Andromeda Strain 1971

The Andromeda Strain is a 1971 American science-fiction film, based on the novel published in 1969 by Michael Crichton about a team of scientists who investigate a deadly organism of extraterrestrial origin that causes rapid, fatal blood clotting. Directed by Robert Wise, the film starred Arthur Hill, James Olson, Kate Reid, and David Wayne. The film follows the book closely. The special effects were designed by Douglas Trumbull.

Trivia:

  • The germ from space cost $250,000 to create in special effects.
  • The Wildfire scientific lab sets cost more than $300,000 to build, and were described at the time as “one of the most elaborately detailed interiors ever built.”
  • The Central Core set required the digging of a 70 ft deep by 30 ft wide hole in a soundstage.
  • In the novel, the character of Leavitt is a man, but is a woman (played by Kate Reid) in the film.
  • Michael Crichton wrote the rough draft for the novel from which this film is adapted while he was still a medical student.
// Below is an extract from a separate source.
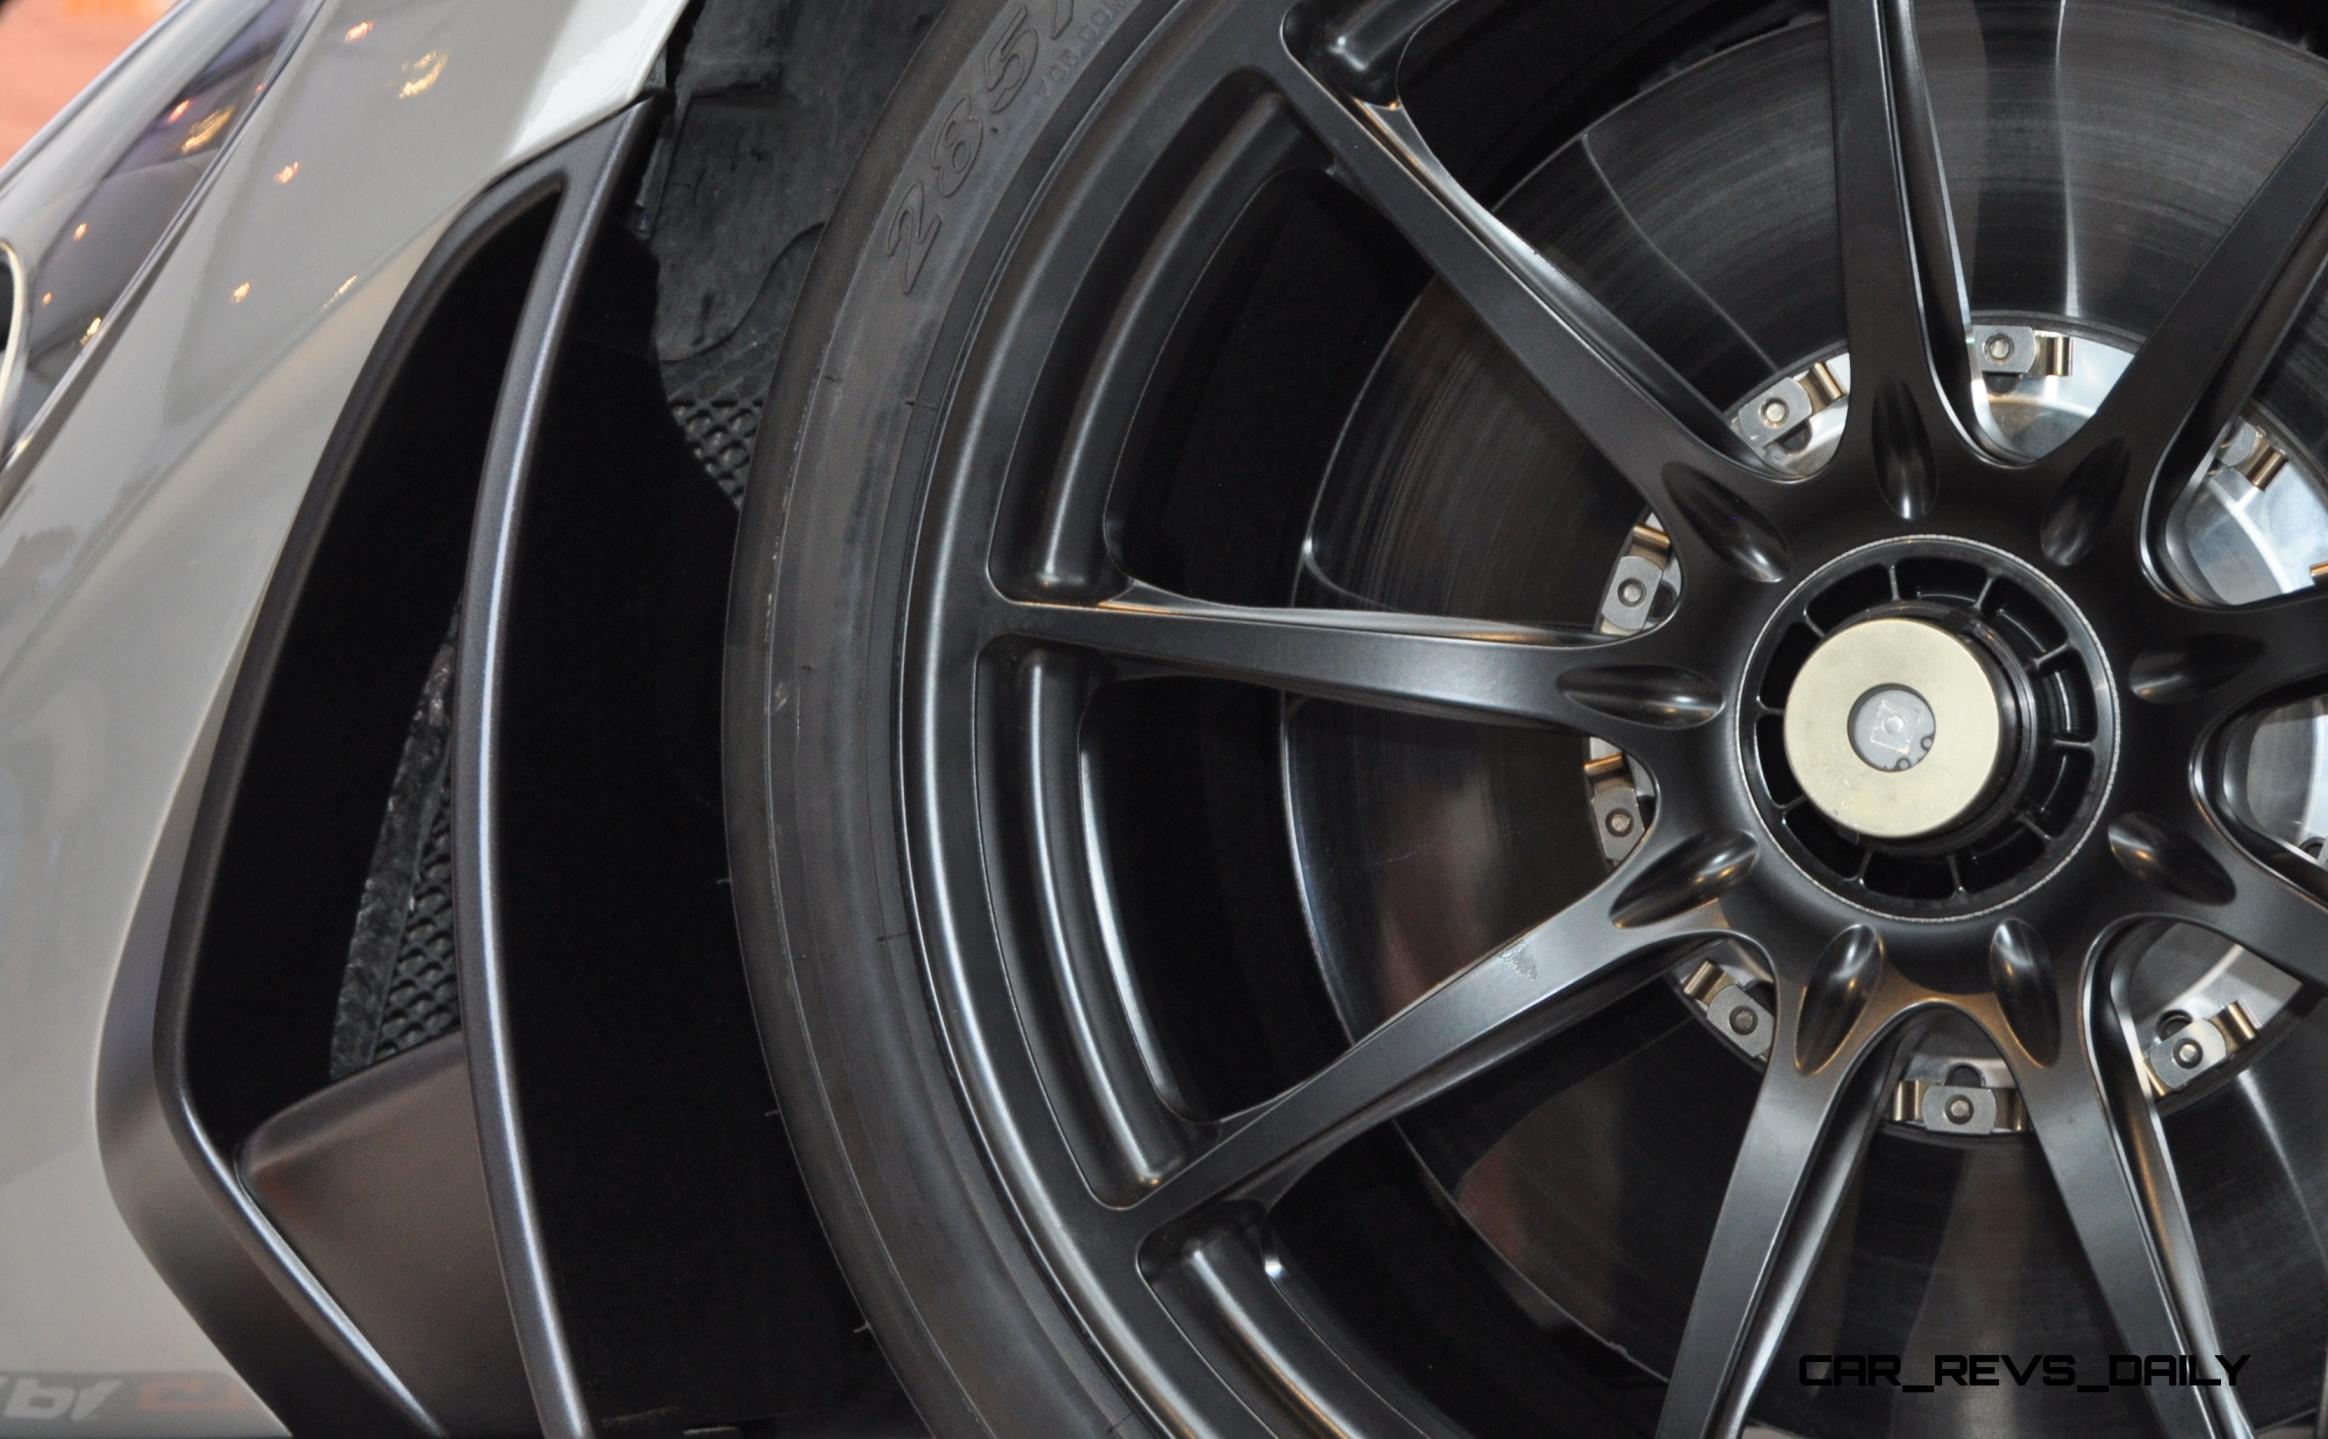 2015 McLaren P1 GTR - Pebble Beach World Debut in 55 High-Res Photos 35

He was inspired after a conversation with one of his teachers about the concept of crystal-based life-forms.
  • Leavitt in a protest against inserting something to clean out the GI tract makes the statement about “risked drowning in that foul bath”. The book, but not the movie, had the Wildfire Team submerge completely in an antibiotic solution. The scene may have been cut, but Leavitt still makes reference to it in the movie.
  • Dr Stone says, “The SDS has arrived, no doubt.” when his wife says someone is at the door to see him. The Students for a Democratic Society (SDS) was a college protest group active in the late 1960s to whom Dr Stone alludes.
  • The monkey was “killed” by being placed in a large set filled with carbon dioxide. When the monkey’s cage, containing oxygen was opened, it was rendered unconscious by the CO2. An Assistant director was off camera and brought a breathing apparatus to the monkey who recovered immediately.
  • At the plane crash site, the actor that was supposed to call out, “Major Mancheck,” fell out of his trailer and broke his leg. He was replaced on the spot with actor Robert ‘Bob’ Olen, who did the lines but was never credited for it.
  • The computer error “601″ occurred because of a system overload while trying simulate Andromeda’s growth and mutation. The error number is a reference to the computer overload error of “1202″ (exactly double) which occurred on the LEM during the first lunar descent.
  • In Sept. 1972, Universal was exhibiting this on a double bill with Airport (1970) with the tag line “Together On One Great Family Program”.
  • Michael Crichton was invited to take a tour of Universal Studios during the production of this film. His guide was none other than Steven Spielberg, who go on to adapt his most successful novel, Jurassic Park (1993).

THX 1138 released March 11, 1971

THX 1138

THX 1138 is a 1971 science fiction film directed by George Lucas, from a screenplay by Lucas and Walter Murch. It depicts a dystopian future in which a high level of control is exerted upon the populace through omnipresent, faceless, android police officers and mandatory, regulated use of special drugs to suppress emotion, including sexual desire.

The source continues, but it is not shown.